Psychosocial Influence of Ehlers–Danlos Syndrome in Daily Life of Patients: A Qualitative Study

Palomo-Toucedo

León-Larios

Reina-Bueno

et al. 2020

(1) Background: Ehlers–Danlos syndrome is a heterogeneous group of connective tissue disorders causing pain, fatigue, and disabilities; it has several implications for patients who suffer from this disease. The major clinical manifestations of EDS include joint hypermobility, skin hyperextensibility, and generalized conjunctive tissue fragility. This research aims to explore their perceptions and experiences about the phycological and social spheres. (2) Methods: Semistructured interviews were carried out. Participants were encouraged to talk about issues related to their disease by asking open-ended questions in one to one interview. The interview guide included questions to identify the syndrome’s influence on the social and psychological life of patients All interviews were audio recorded, fully transcribed, and analyzed using the phenomenological theoretical framework. The method of analysis was the thematic interpreting of perspectives and approaches. (3) Results: 31 individuals were proposed to participate in this study.

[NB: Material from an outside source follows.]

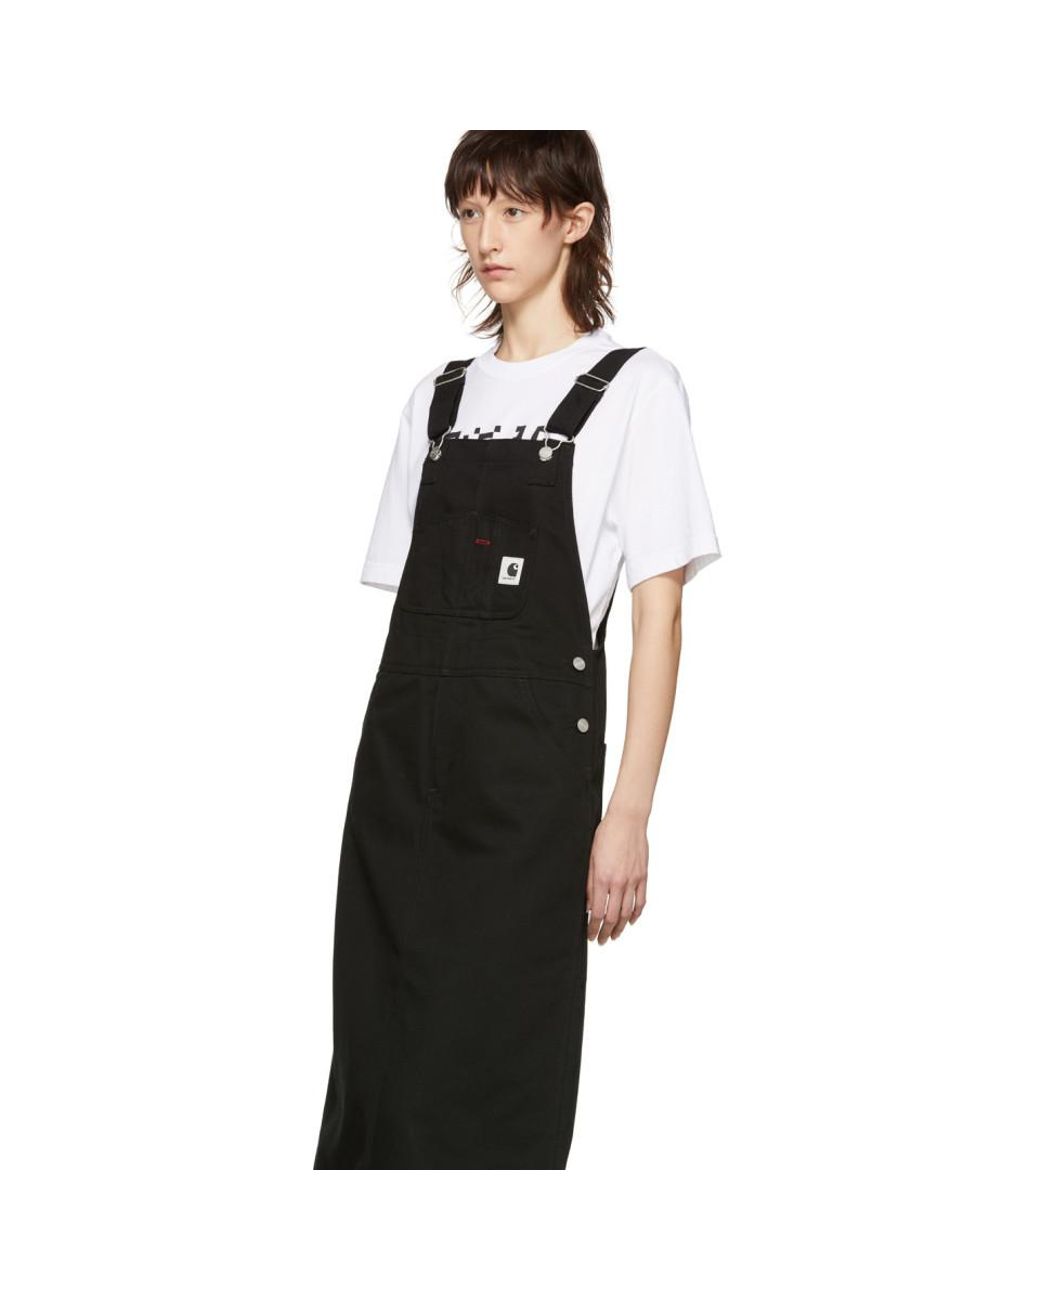 Carhartt WIP Black Bib Long Skirt Dress | Lyst
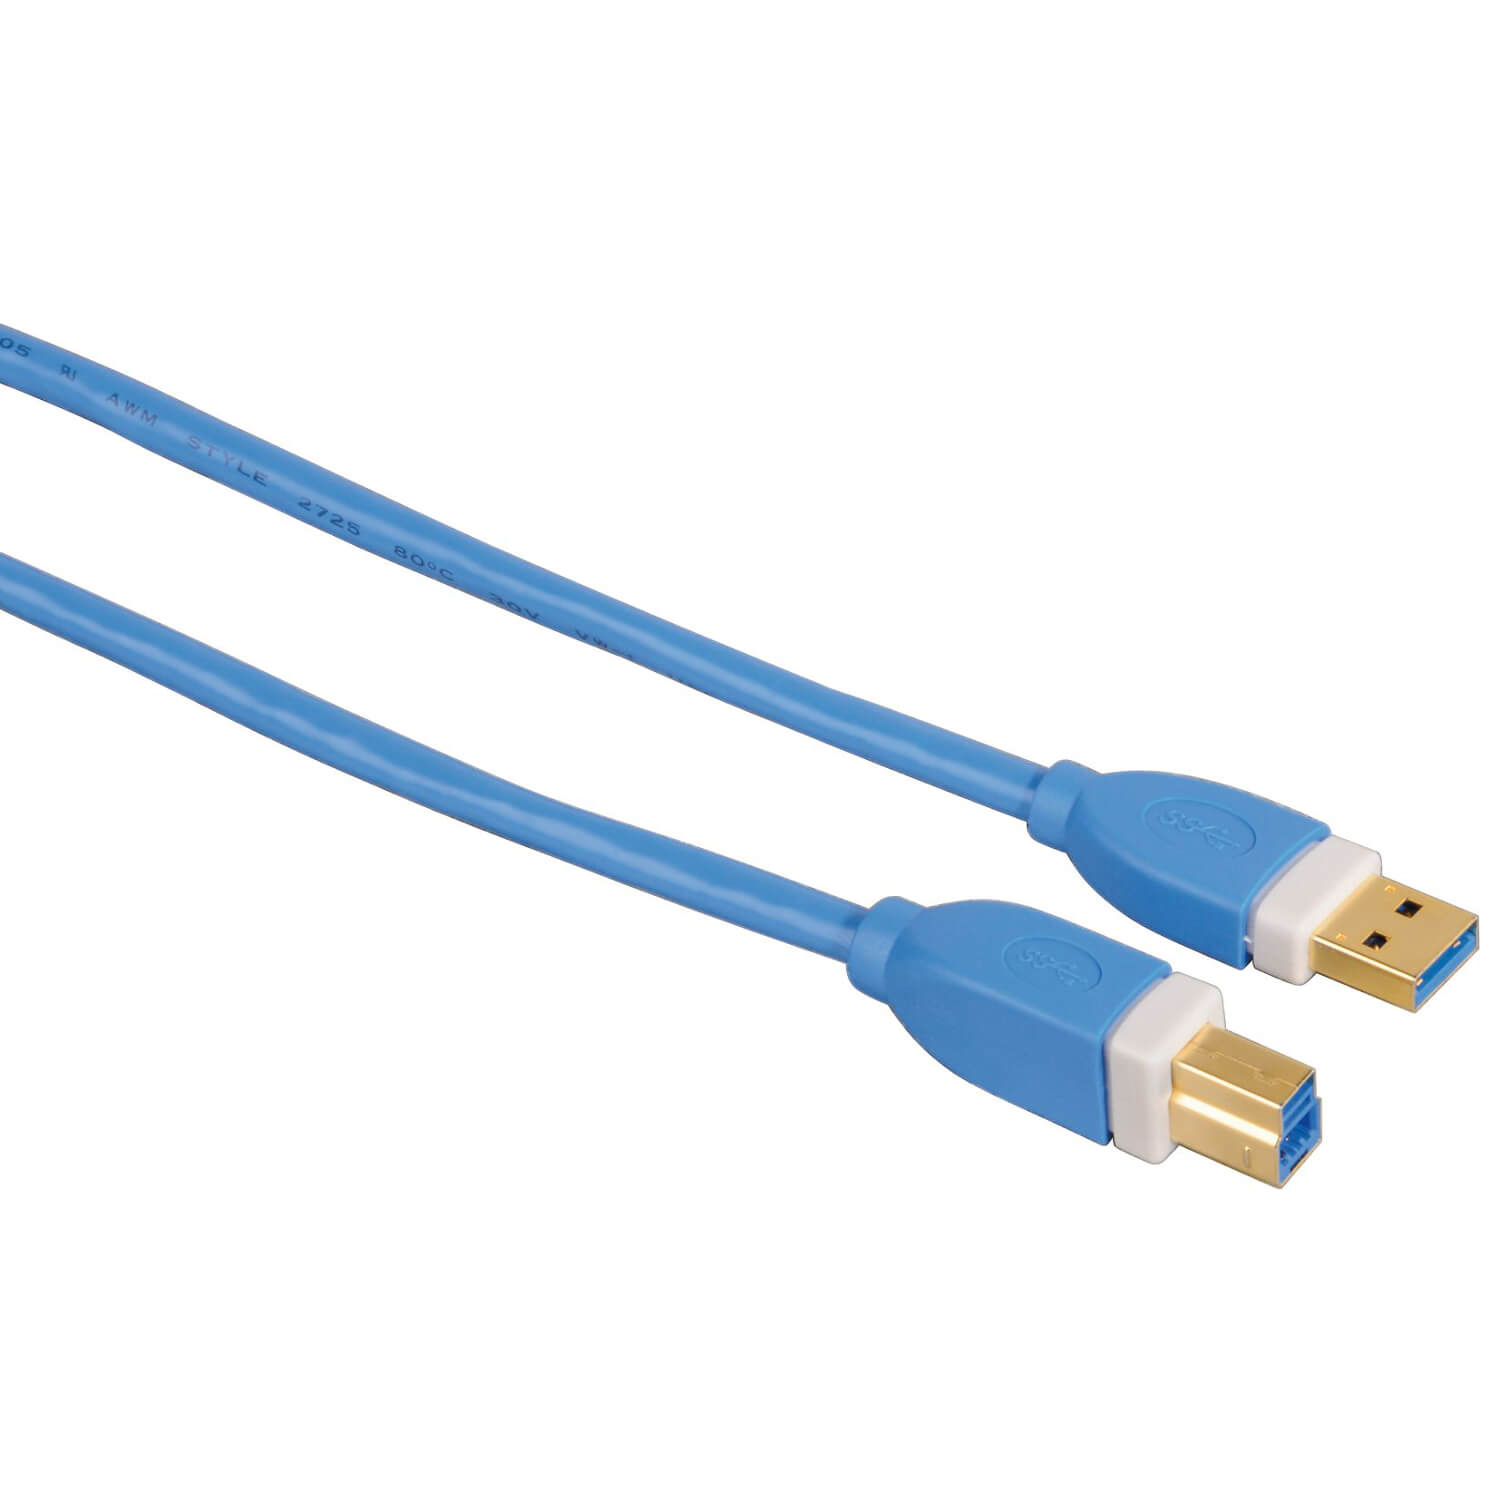  Cablu USB 3.0 Hama 39671 Tip A-B, 1.8 m

Five patients refused to participate, so a total of 26 interviews were performed. Six themes ((1) Pain and its consequences on a daily basis; (2) The need to name the problem: the diagnosis; (3) Restructuring leisure and social relationships; (4) Limitations due to economic conditions; (5) Psychological impact of the disease situation; (6) Professional limitations) and four subthemes ((1) The value of partner support; (2) The weather influence on social plans; (3) Physical exercise and illness; (4) Support groups) emerged from the data. (4) Conclusions: This study revealed the impact of the syndrome on the social and daily life of patients, and not only in a physical level, but also in a psychological and social approach. These findings allow healthcare providers to know more about this disease in order to support and give advice to patients about the changes they will have to make.